In this paper they modify tacotron2 gst module to train it in semi supervised way with small amount of labeled data.
Vanilla gst from mozilla
So, they make attention one head and use attention weights as outputs for target class.
This is my code:
class MultiHeadAttention(nn.Module):
def __init__(self, query_dim, key_dim, num_units):
super().__init__()
self.num_units = num_units
self.key_dim = key_dim
self.W_query = LinearNorm(query_dim, num_units, bias=False)
self.W_key = LinearNorm(key_dim, num_units, bias=False)
self.W_value = LinearNorm(key_dim, num_units, bias=False)
def forward(self, query, key):
querys = self.W_query(query) # [N, T_q, num_units]

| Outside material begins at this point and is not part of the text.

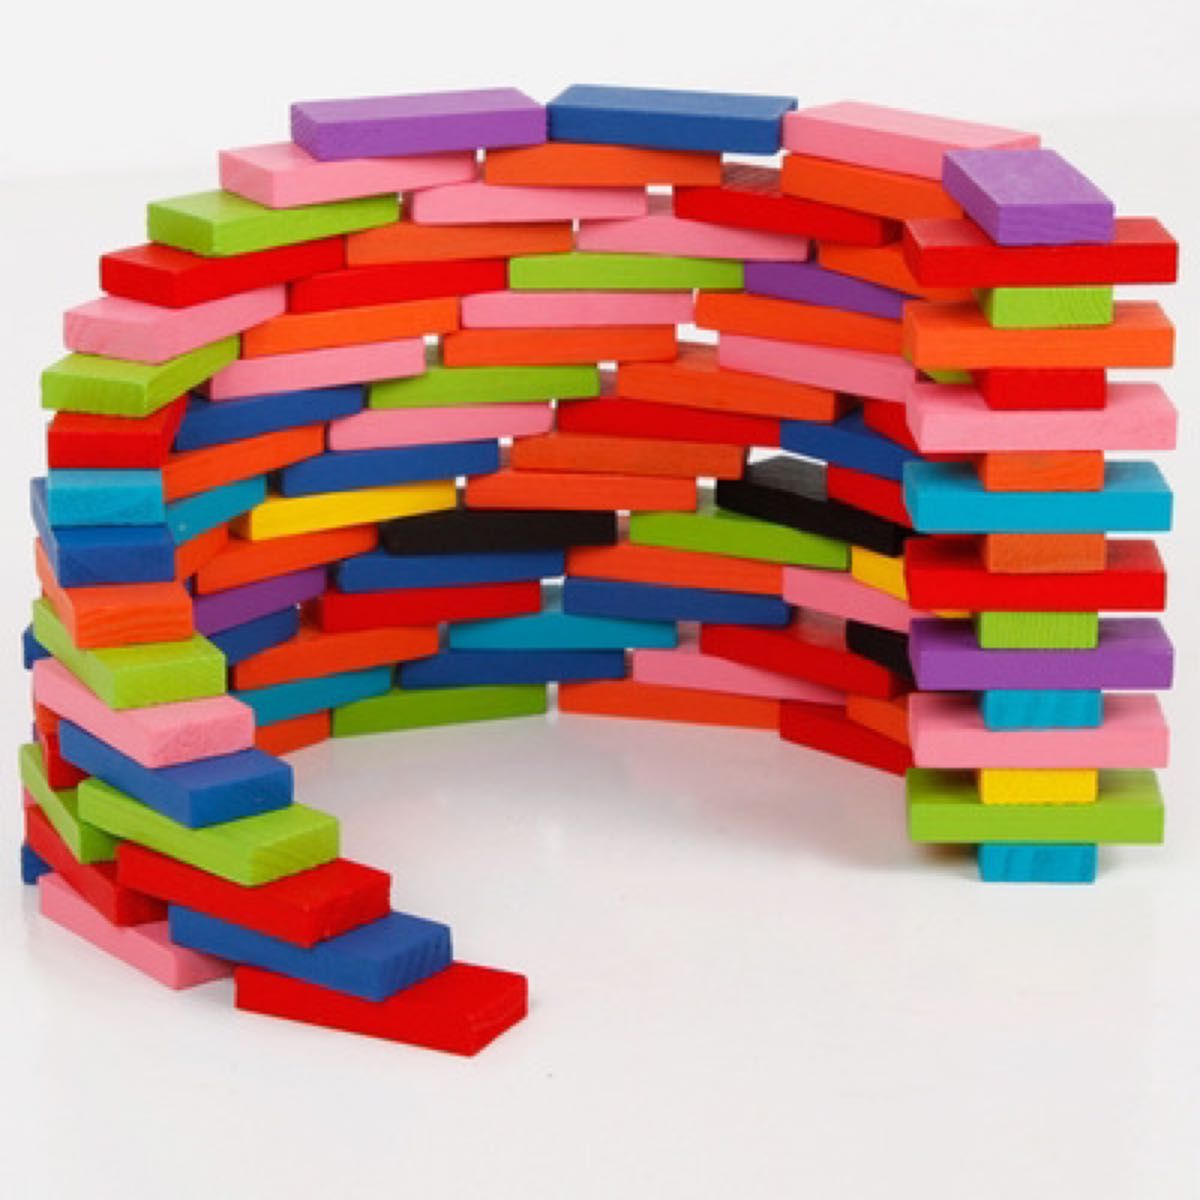 カラフル ドミノ 12色 240個 知育玩具 積み木 木製 おもちゃ 子ども

keys = self.W_key(key) # [N, T_k, num_units]
values = self.W_value(key)
# score = softmax(QK^T / (d_k ** 0.5))
scores = torch.matmul(querys, keys.transpose(1, 2))
scores = scores / (self.key_dim ** 0.5)
scores_before_softmax = scores
scores = F.softmax(scores, dim=-1)
out = torch.matmul(scores, values) # [h, N, T_q, num_units/h]

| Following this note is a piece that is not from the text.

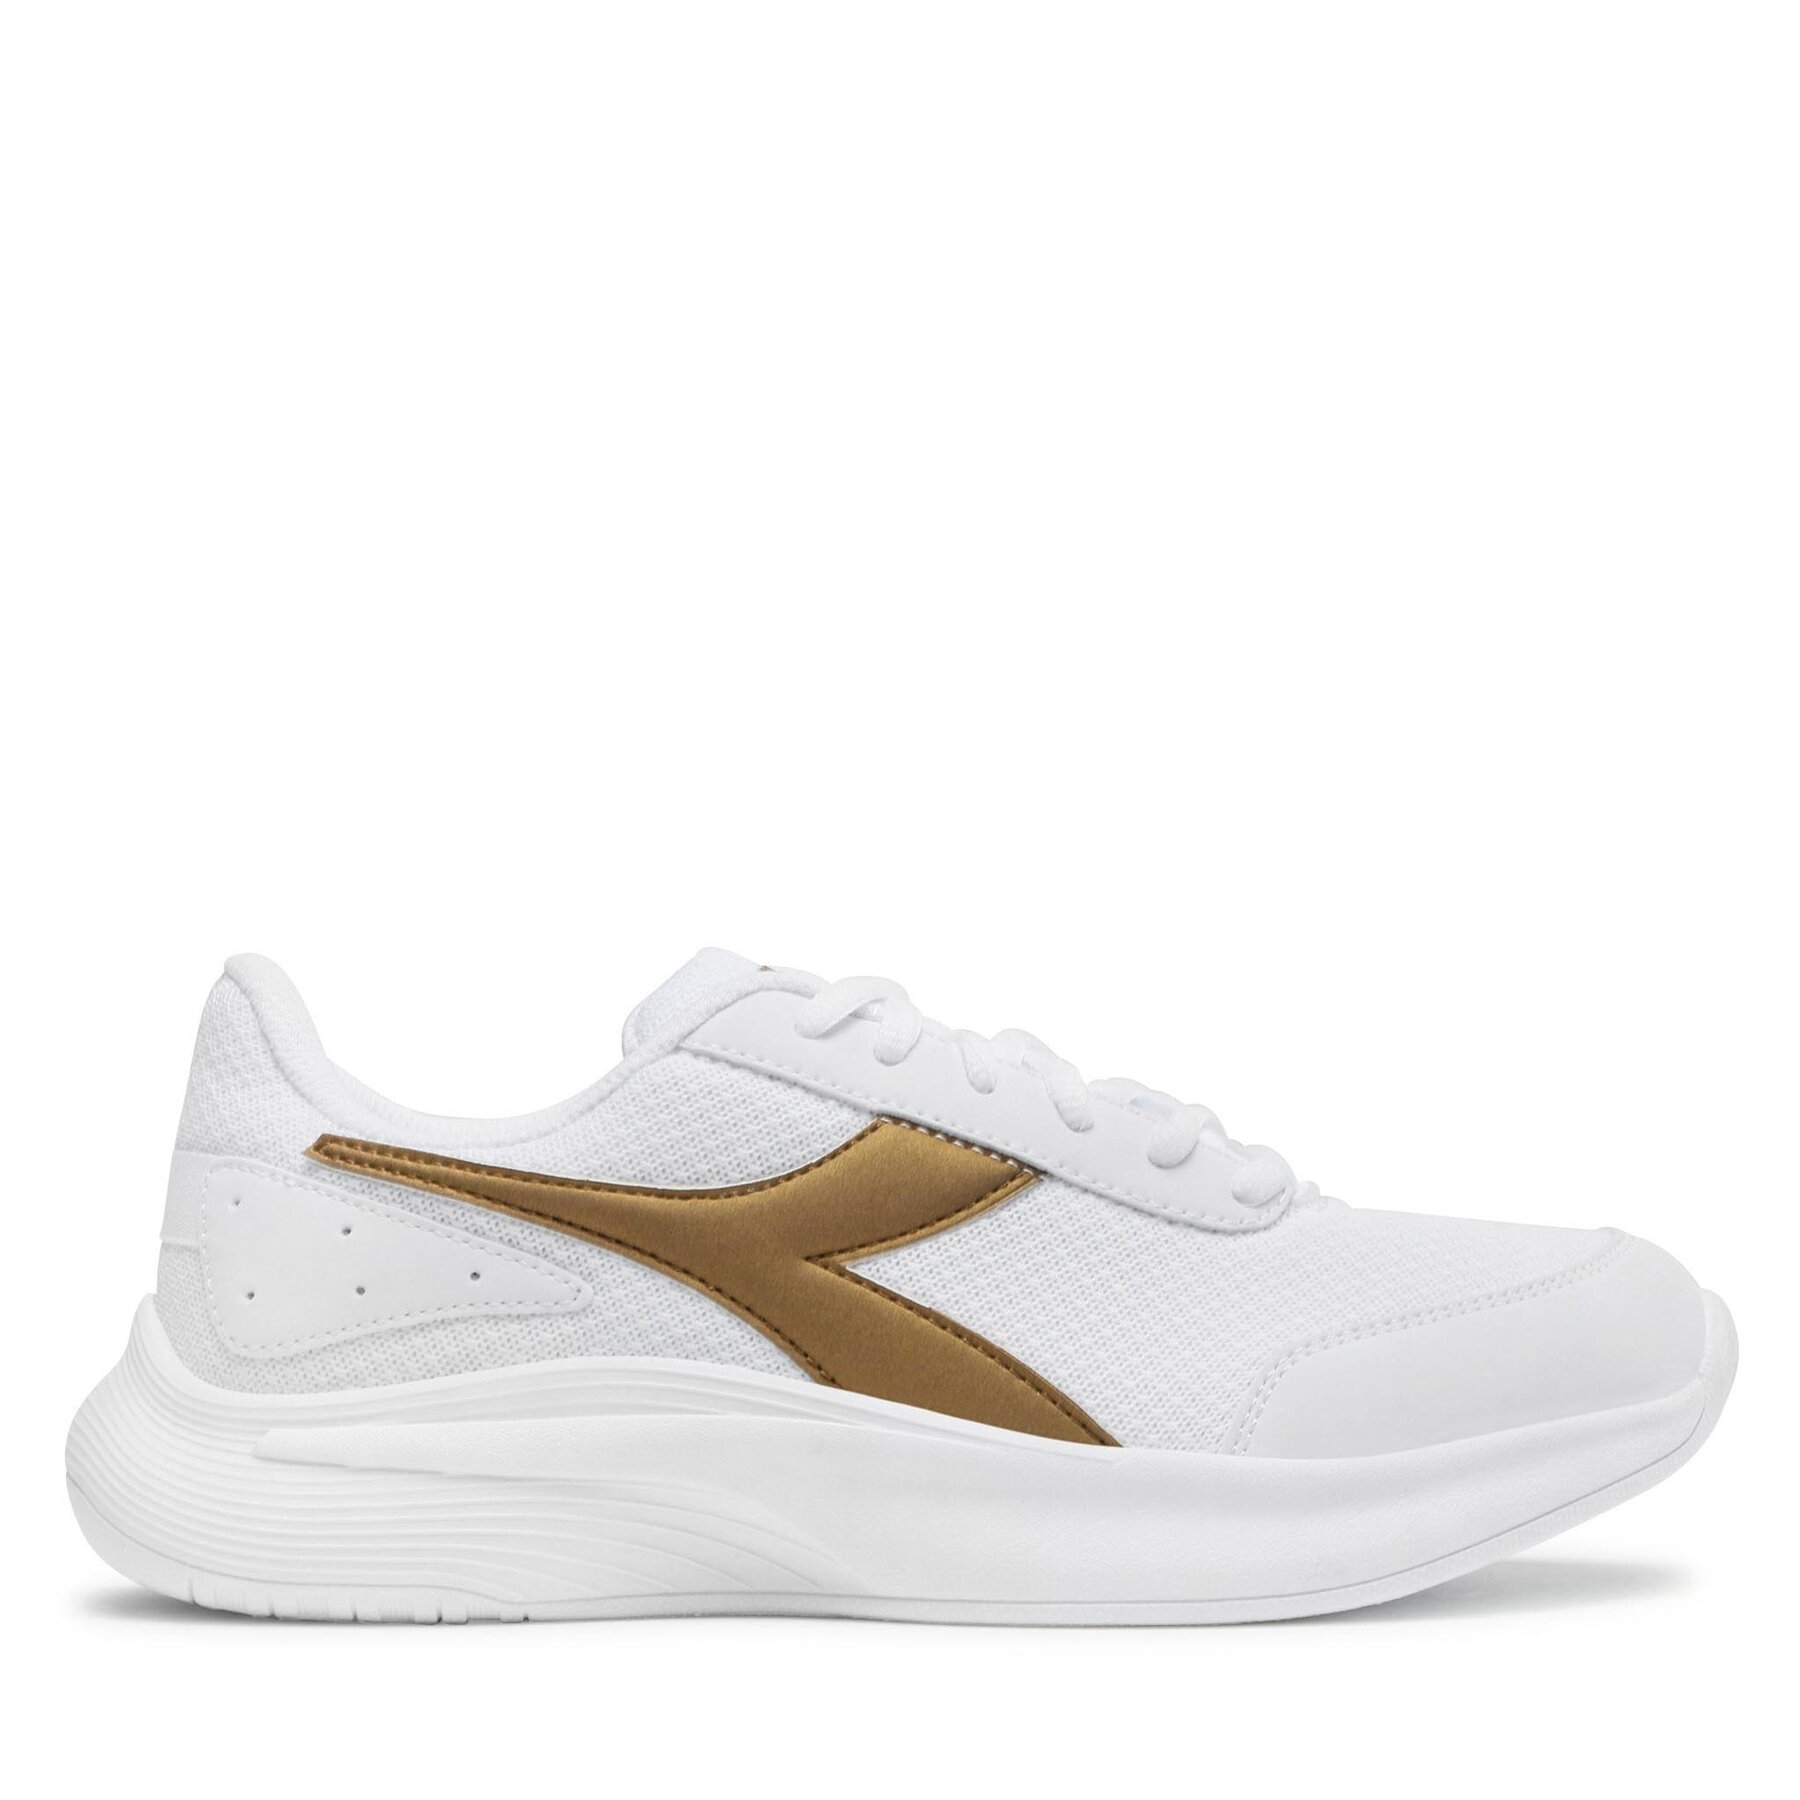 Schuhe Diadora Eagle 6 101.179071-C1070 White/Gold von Diadora

return out, scores_before_softmax.squeeze(1)
But i am not sure if i get everything right.
why this line
scores = scores / (self.key_dim ** 0.5
?
Another question, how should i handle attention weights, is it ok to return weights before softmax and apply cross entropy loss on it?
Do ignore index in cross entropy work as i think: set -100 to all unlabeled data?
Cross entropy loss struggles around 2 and do not decrease.